** AVAILABLE DATA follows **
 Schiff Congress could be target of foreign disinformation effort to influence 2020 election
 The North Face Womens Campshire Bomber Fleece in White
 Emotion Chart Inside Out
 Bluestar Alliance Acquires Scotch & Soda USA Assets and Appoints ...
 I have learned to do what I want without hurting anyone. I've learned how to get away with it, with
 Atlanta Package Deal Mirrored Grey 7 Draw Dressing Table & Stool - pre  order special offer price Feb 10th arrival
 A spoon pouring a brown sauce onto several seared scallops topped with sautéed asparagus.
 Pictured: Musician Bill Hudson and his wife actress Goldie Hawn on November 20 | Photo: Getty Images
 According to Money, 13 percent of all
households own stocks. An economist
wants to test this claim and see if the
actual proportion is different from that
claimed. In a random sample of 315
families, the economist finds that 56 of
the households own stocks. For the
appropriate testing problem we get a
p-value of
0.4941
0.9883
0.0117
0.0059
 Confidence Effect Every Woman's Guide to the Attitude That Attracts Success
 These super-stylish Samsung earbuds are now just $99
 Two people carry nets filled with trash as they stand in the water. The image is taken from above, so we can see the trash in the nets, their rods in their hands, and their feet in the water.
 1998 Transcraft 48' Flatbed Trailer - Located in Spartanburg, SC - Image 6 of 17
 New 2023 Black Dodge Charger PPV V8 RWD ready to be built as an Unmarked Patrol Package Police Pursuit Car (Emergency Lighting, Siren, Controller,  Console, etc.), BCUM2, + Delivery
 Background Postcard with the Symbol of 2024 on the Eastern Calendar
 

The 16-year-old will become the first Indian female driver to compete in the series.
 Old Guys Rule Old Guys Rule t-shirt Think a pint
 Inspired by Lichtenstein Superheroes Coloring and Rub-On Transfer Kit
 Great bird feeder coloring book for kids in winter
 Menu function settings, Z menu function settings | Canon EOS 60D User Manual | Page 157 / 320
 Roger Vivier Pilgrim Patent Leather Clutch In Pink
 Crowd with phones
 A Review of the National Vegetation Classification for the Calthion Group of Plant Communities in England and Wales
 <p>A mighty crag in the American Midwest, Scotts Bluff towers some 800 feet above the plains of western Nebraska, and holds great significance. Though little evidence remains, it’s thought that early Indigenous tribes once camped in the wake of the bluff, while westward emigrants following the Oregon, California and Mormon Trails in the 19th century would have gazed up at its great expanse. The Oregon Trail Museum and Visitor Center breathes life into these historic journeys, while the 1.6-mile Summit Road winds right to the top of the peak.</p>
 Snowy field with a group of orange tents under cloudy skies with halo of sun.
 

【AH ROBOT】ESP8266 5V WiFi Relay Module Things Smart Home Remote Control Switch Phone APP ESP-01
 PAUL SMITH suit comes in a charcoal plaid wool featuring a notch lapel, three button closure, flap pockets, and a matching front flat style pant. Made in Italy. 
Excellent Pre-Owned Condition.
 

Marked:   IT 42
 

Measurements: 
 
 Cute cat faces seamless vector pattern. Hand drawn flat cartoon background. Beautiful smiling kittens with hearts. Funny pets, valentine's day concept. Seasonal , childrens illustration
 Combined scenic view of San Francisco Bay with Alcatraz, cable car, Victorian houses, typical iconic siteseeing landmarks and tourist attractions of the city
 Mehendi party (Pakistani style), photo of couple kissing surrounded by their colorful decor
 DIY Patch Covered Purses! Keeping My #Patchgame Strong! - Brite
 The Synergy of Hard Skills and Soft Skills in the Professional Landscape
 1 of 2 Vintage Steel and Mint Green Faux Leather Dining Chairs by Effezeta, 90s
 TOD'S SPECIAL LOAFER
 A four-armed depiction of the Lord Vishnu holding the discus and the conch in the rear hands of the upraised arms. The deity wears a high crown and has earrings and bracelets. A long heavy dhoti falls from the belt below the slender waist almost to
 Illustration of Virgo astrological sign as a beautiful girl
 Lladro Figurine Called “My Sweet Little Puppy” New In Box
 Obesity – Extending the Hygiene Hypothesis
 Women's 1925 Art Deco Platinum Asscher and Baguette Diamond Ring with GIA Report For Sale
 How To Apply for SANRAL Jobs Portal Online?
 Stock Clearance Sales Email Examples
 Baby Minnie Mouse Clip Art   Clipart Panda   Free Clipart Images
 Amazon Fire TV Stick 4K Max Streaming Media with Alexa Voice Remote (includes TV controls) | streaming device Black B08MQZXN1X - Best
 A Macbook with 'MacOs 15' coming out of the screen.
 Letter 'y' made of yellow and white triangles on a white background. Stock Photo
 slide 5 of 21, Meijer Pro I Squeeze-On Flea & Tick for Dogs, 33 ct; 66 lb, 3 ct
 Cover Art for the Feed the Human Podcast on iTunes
** End of AVAILABLE DATA **
**WORK ITEM:**
Write down exactly the span of lines above from the one containing "Inspired by Lichtenstein" to the one containing "Combined scenic view", both ends included.

**TASK SOLUTION:**
 Inspired by Lichtenstein Superheroes Coloring and Rub-On Transfer Kit
 Great bird feeder coloring book for kids in winter
 Menu function settings, Z menu function settings | Canon EOS 60D User Manual | Page 157 / 320
 Roger Vivier Pilgrim Patent Leather Clutch In Pink
 Crowd with phones
 A Review of the National Vegetation Classification for the Calthion Group of Plant Communities in England and Wales
 <p>A mighty crag in the American Midwest, Scotts Bluff towers some 800 feet above the plains of western Nebraska, and holds great significance. Though little evidence remains, it’s thought that early Indigenous tribes once camped in the wake of the bluff, while westward emigrants following the Oregon, California and Mormon Trails in the 19th century would have gazed up at its great expanse. The Oregon Trail Museum and Visitor Center breathes life into these historic journeys, while the 1.6-mile Summit Road winds right to the top of the peak.</p>
 Snowy field with a group of orange tents under cloudy skies with halo of sun.
 

【AH ROBOT】ESP8266 5V WiFi Relay Module Things Smart Home Remote Control Switch Phone APP ESP-01
 PAUL SMITH suit comes in a charcoal plaid wool featuring a notch lapel, three button closure, flap pockets, and a matching front flat style pant. Made in Italy. 
Excellent Pre-Owned Condition.
 

Marked:   IT 42
 

Measurements: 
 
 Cute cat faces seamless vector pattern. Hand drawn flat cartoon background. Beautiful smiling kittens with hearts. Funny pets, valentine's day concept. Seasonal , childrens illustration
 Combined scenic view of San Francisco Bay with Alcatraz, cable car, Victorian houses, typical iconic siteseeing landmarks and tourist attractions of the city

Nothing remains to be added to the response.